++++ Raw data ++++

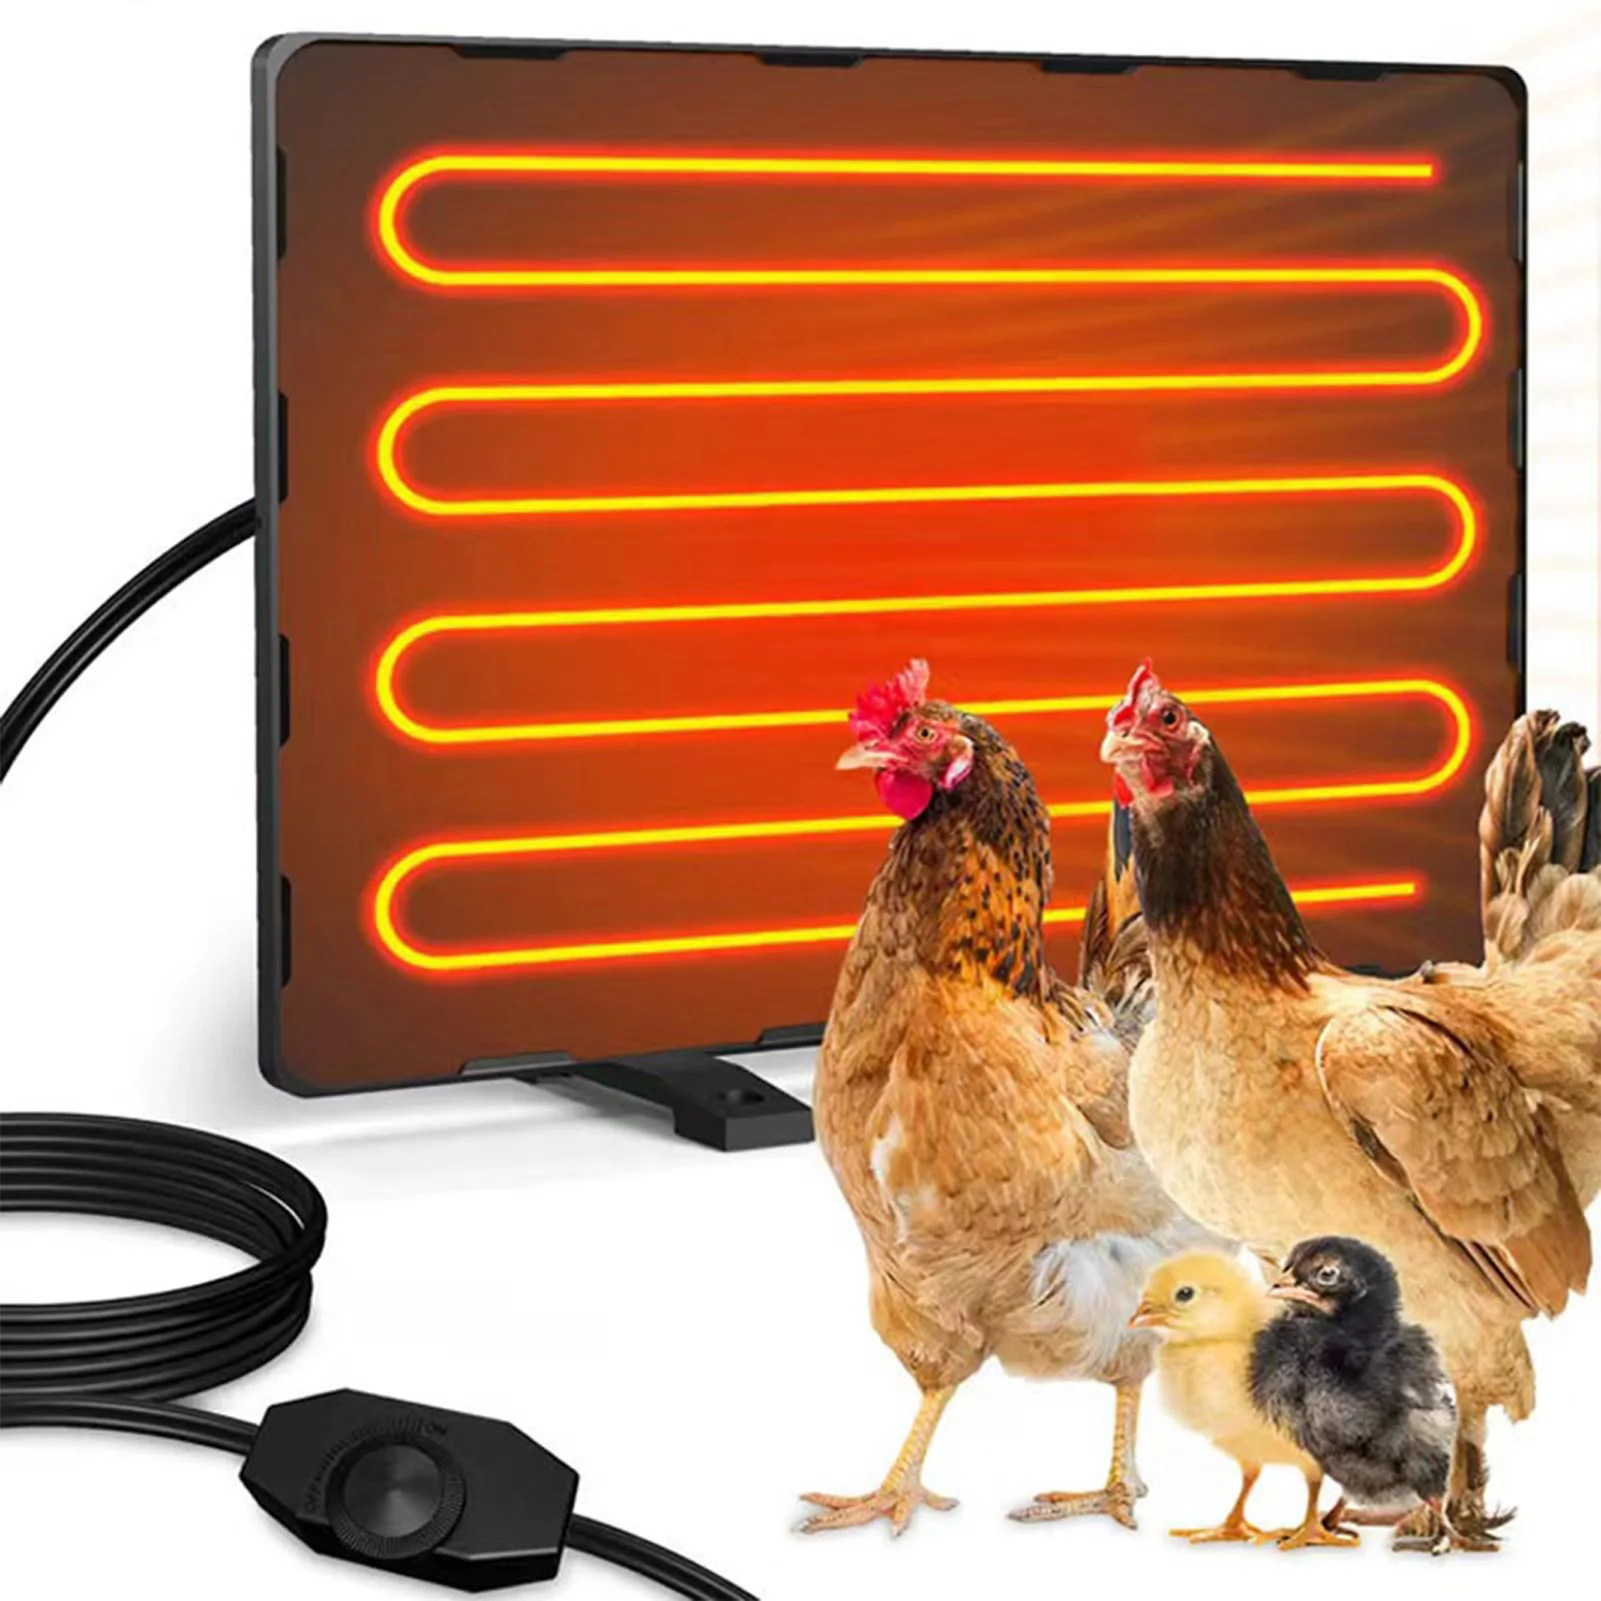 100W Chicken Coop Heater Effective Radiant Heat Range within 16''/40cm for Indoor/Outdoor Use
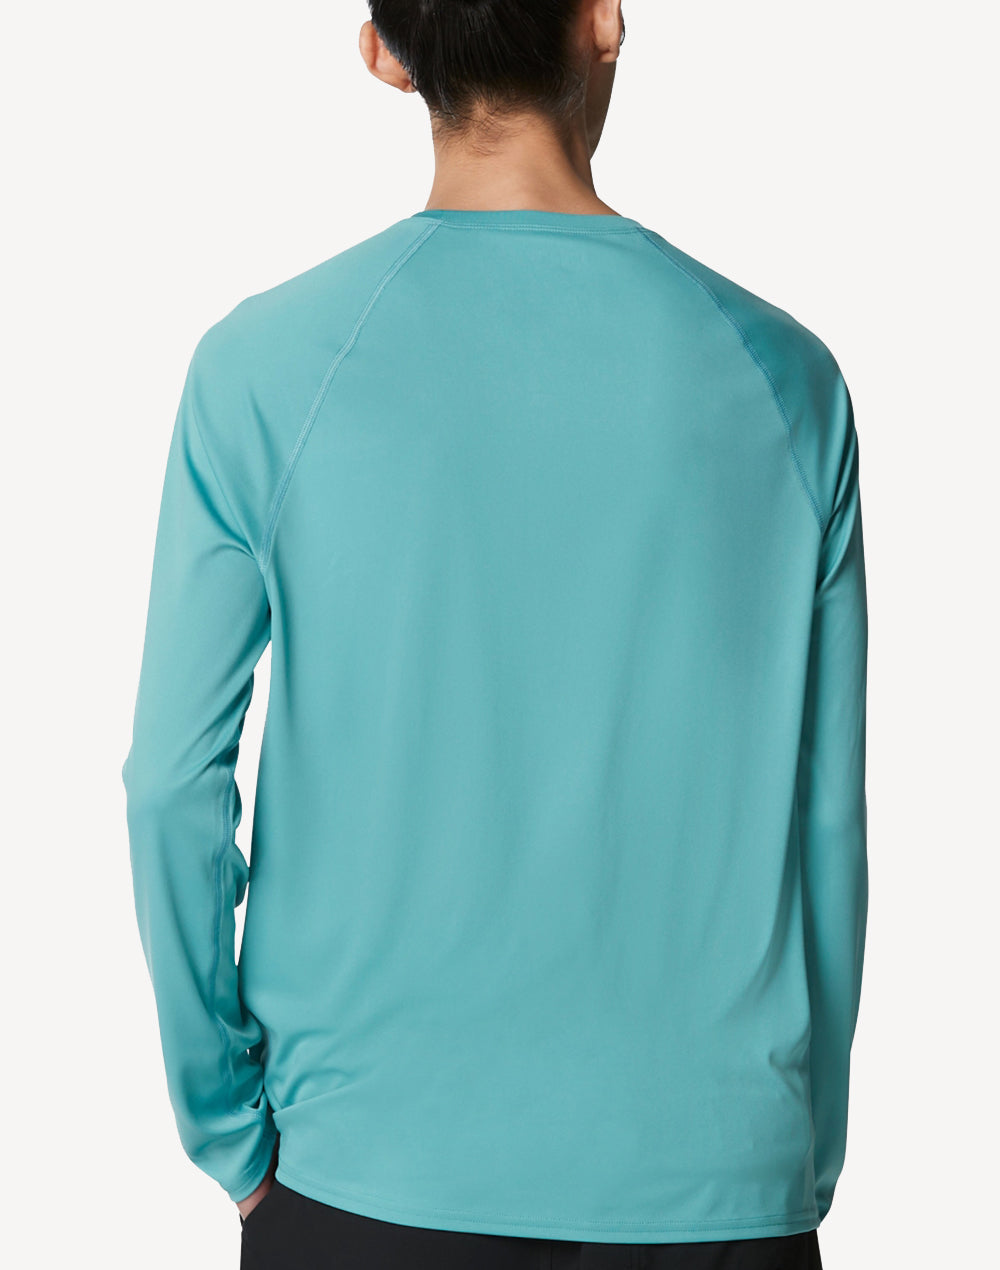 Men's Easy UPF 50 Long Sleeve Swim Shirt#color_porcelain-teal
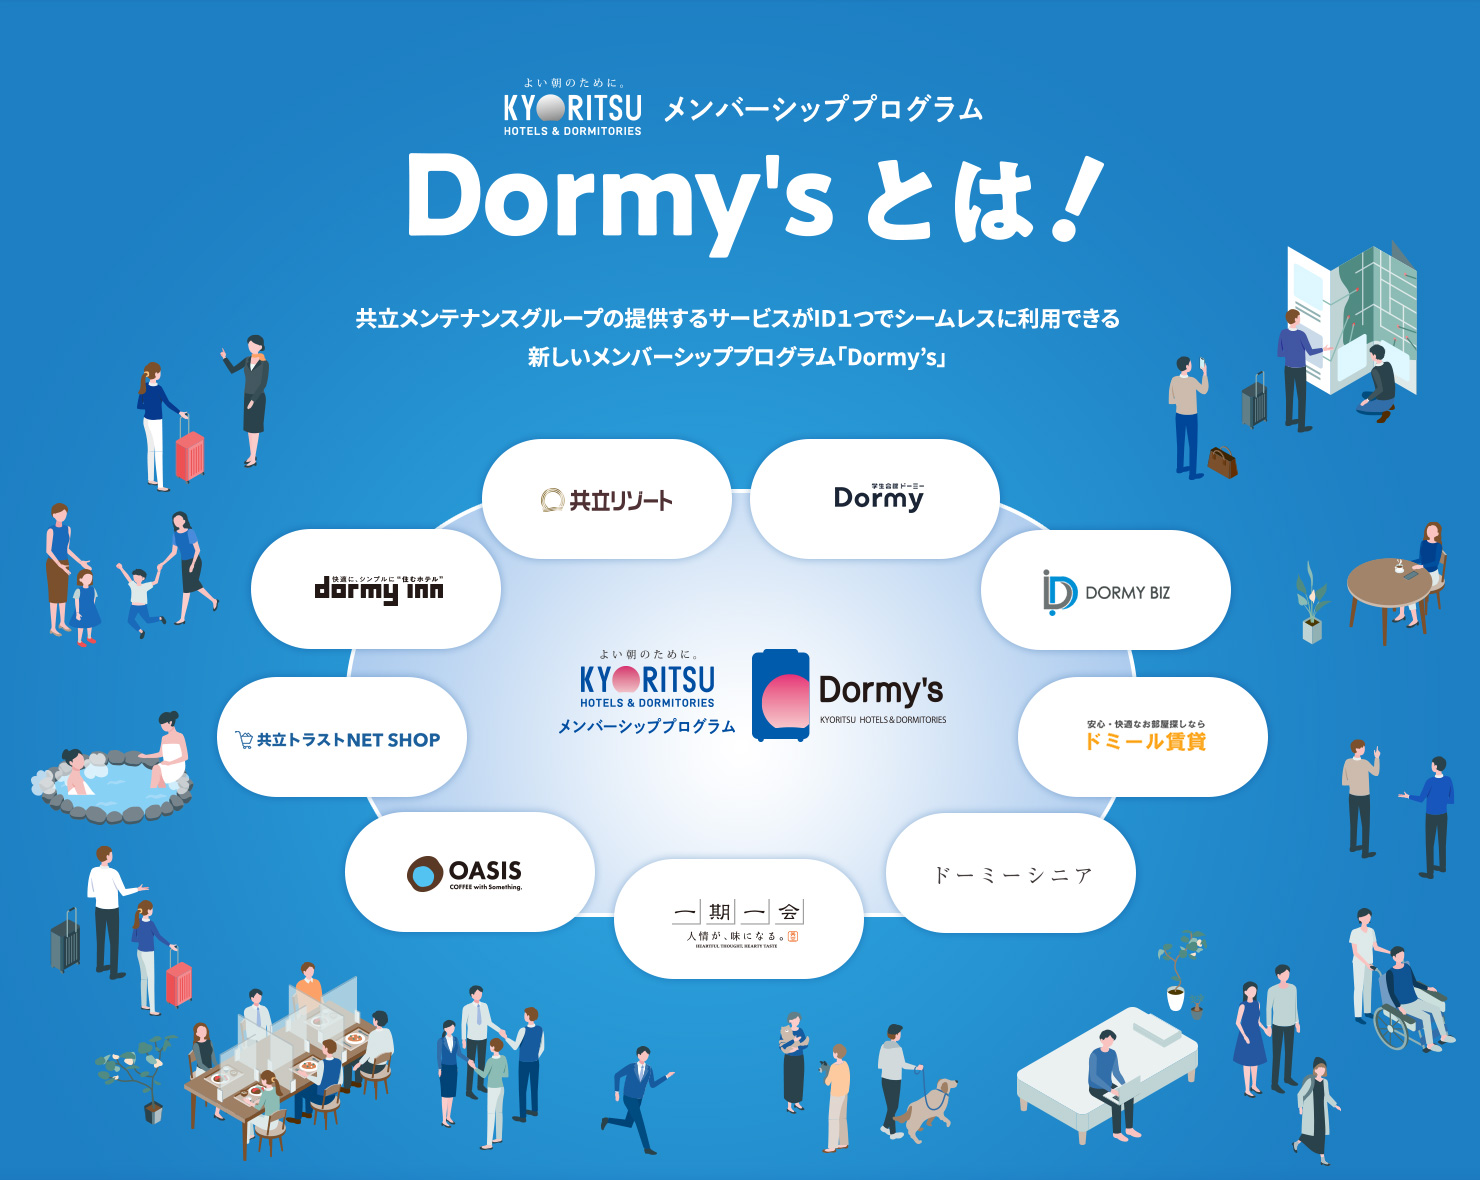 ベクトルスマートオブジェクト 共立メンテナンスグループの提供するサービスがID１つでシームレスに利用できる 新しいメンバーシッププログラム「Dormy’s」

++++

What is being asked ▸ Retype the line containing "Men's Easy UPF" and all lines after it to the end of the material, exactly as written, leaving out any pictures.

Result of the task ▸
 Men's Easy UPF 50 Long Sleeve Swim Shirt#color_porcelain-teal
 ベクトルスマートオブジェクト 共立メンテナンスグループの提供するサービスがID１つでシームレスに利用できる 新しいメンバーシッププログラム「Dormy’s」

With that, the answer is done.